She Makes $17 an Hour in Nashville and Owes $11K — Brittany Holloway’s Debt Isn’t the Real Problem

Most personal finance content is built on a quiet assumption: that the person reading it already has a stable floor beneath them. A salary that…

She Makes $17 an Hour in Nashville and Owes $11K — Brittany Holloway's Debt Isn't the Real Problem
She Makes $17 an Hour in Nashville and Owes $11K — Brittany Holloway's Debt Isn't the Real Problem

Most personal finance content is built on a quiet assumption: that the person reading it already has a stable floor beneath them. A salary that covers rent with room left over. A family that modeled saving. A credit history that didn’t start with a $3,000 mistake at age 19. Brittany Holloway has none of those things — and she’s been trying to follow the advice anyway.

When I sat down with Brittany Holloway at a coffee shop off Charlotte Pike in Nashville on a Tuesday afternoon in March 2026, she had just come off a morning shift at the dental office where she works as an assistant. She was 25, composed, and visibly tired in the way that comes not from lack of sleep but from sustained effort. She had her phone out before we even ordered, showing me a saved TikTok about the debt avalanche method.

“I have a whole folder,” she told me, scrolling. “Debt snowball, debt avalanche, high-yield savings, index funds. I’ve watched probably all of it. And I still don’t know what I’m supposed to do first.”

KEY TAKEAWAY
Brittany Holloway earns $17/hour as a dental assistant in Nashville — roughly $35,360 annually before taxes — while carrying $8,000 in federal student loans and $3,000 in credit card debt. Her situation reflects a broader gap in financial literacy resources for first-generation college graduates entering low-to-moderate income brackets.
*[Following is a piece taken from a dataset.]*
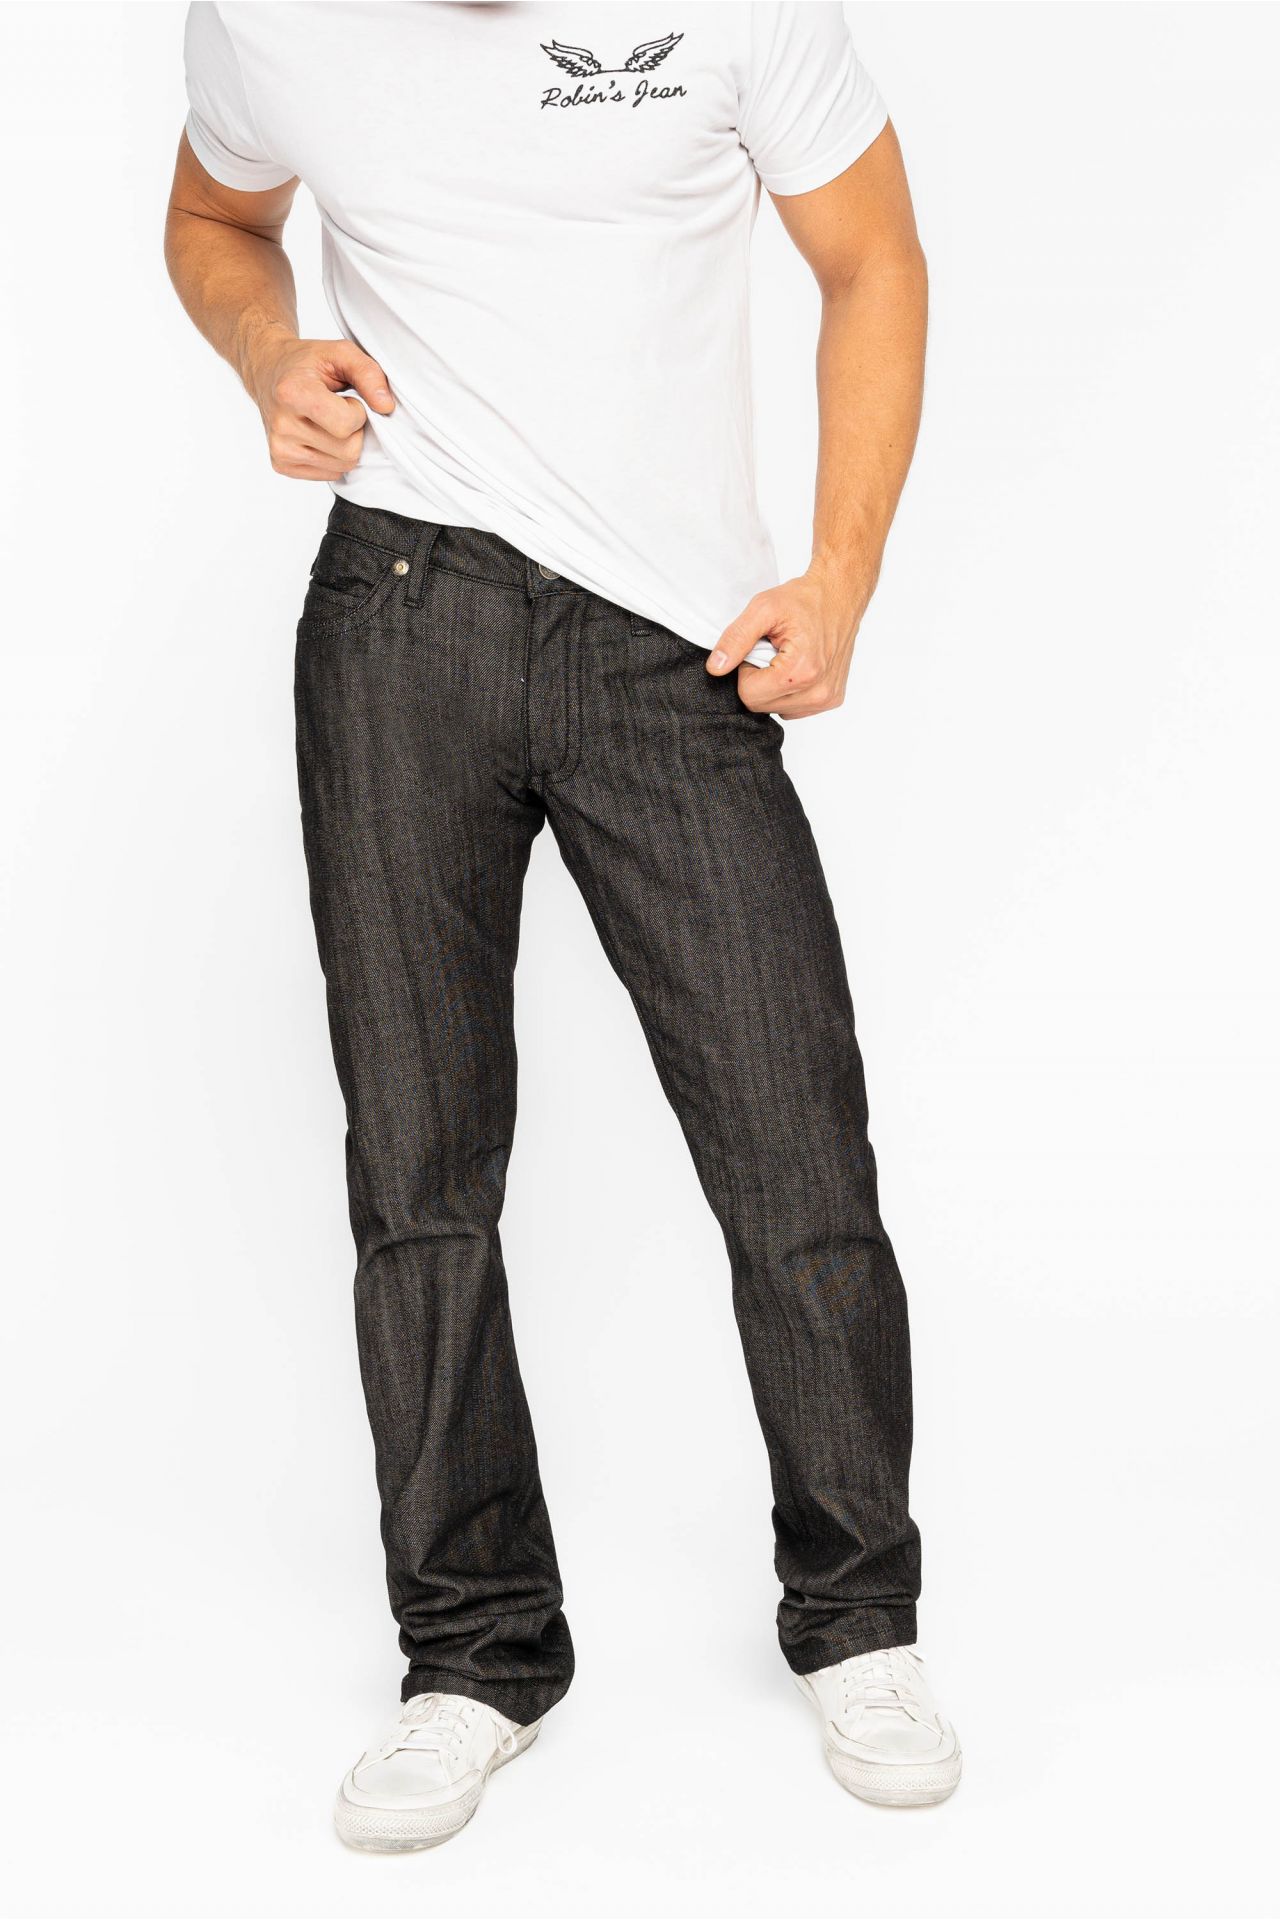 RAW DENIM COLLECTION MENS STRAIGHT LEG LONG FLAP JEANS WITH CRYSTALS
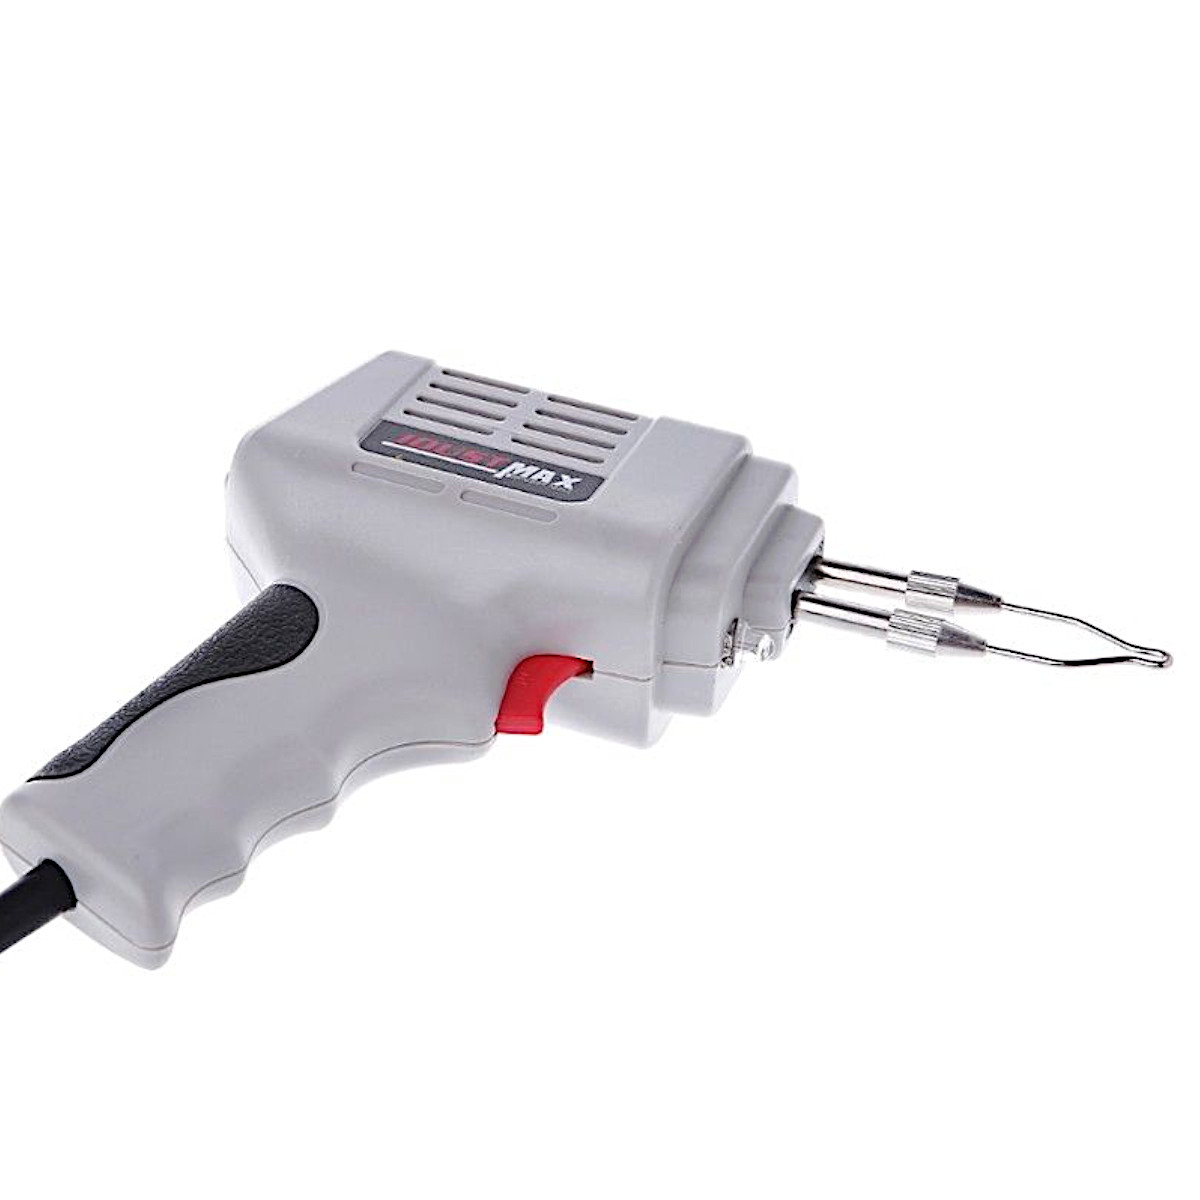 100W-220V-to-240V-Electrical-Soldering-Iron-Fast-Electric-Welding-Solder-Tool-EU-Plug-1393550-6

The Numbers Behind the Confusion

Brittany’s financial picture, on paper, looks modest but manageable. She earns $17 an hour, which comes to approximately $35,360 per year before federal and state taxes. Tennessee has no state income tax on wages, which gives her a slight edge over peers in other states — but Nashville’s cost of living has climbed sharply over the past several years, with median one-bedroom apartment rents in the city hovering around $1,500 to $1,700 per month as of early 2026.

Her student loan balance sits at $8,000, borrowed to complete a dental assisting program at a community college in Middle Tennessee. Her credit card balance is $3,000, opened when she was 19 with a 24.99% APR — a rate she didn’t fully understand at the time. Combined, she carries $11,000 in debt on a take-home pay she estimates at roughly $2,600 per month after taxes and her employer’s health insurance premium.

$2,600
Estimated monthly take-home pay

$11,000
Total debt (student loans + credit card)

~$1,600
Monthly rent (shared apartment)

She splits a two-bedroom apartment with a roommate, which brings her rent contribution to roughly $800 per month — a significant relief. But after rent, utilities, groceries, transportation, and her minimum loan payments, she estimates she has between $200 and $350 left each month. That is the entire margin she has to work with. Every piece of financial content she consumes assumes a wider runway than that.

What Growing Up Without Financial Literacy Actually Looks Like

Brittany is the first person in her immediate family to complete any college program. Her mother worked in food service for most of Brittany’s childhood; her father was intermittently employed. Neither owned a home, neither had a retirement account, and neither had ever spoken to a financial advisor. The concept of compound interest, she told me, was something she encountered for the first time in a TikTok video at age 22.

“Nobody sat me down and said, here’s how a credit card works, here’s what APR means,” Brittany told me. “I got the card because I needed to buy scrubs for my externship and I didn’t have the money. That was it. I didn’t know it would still be following me around six years later.”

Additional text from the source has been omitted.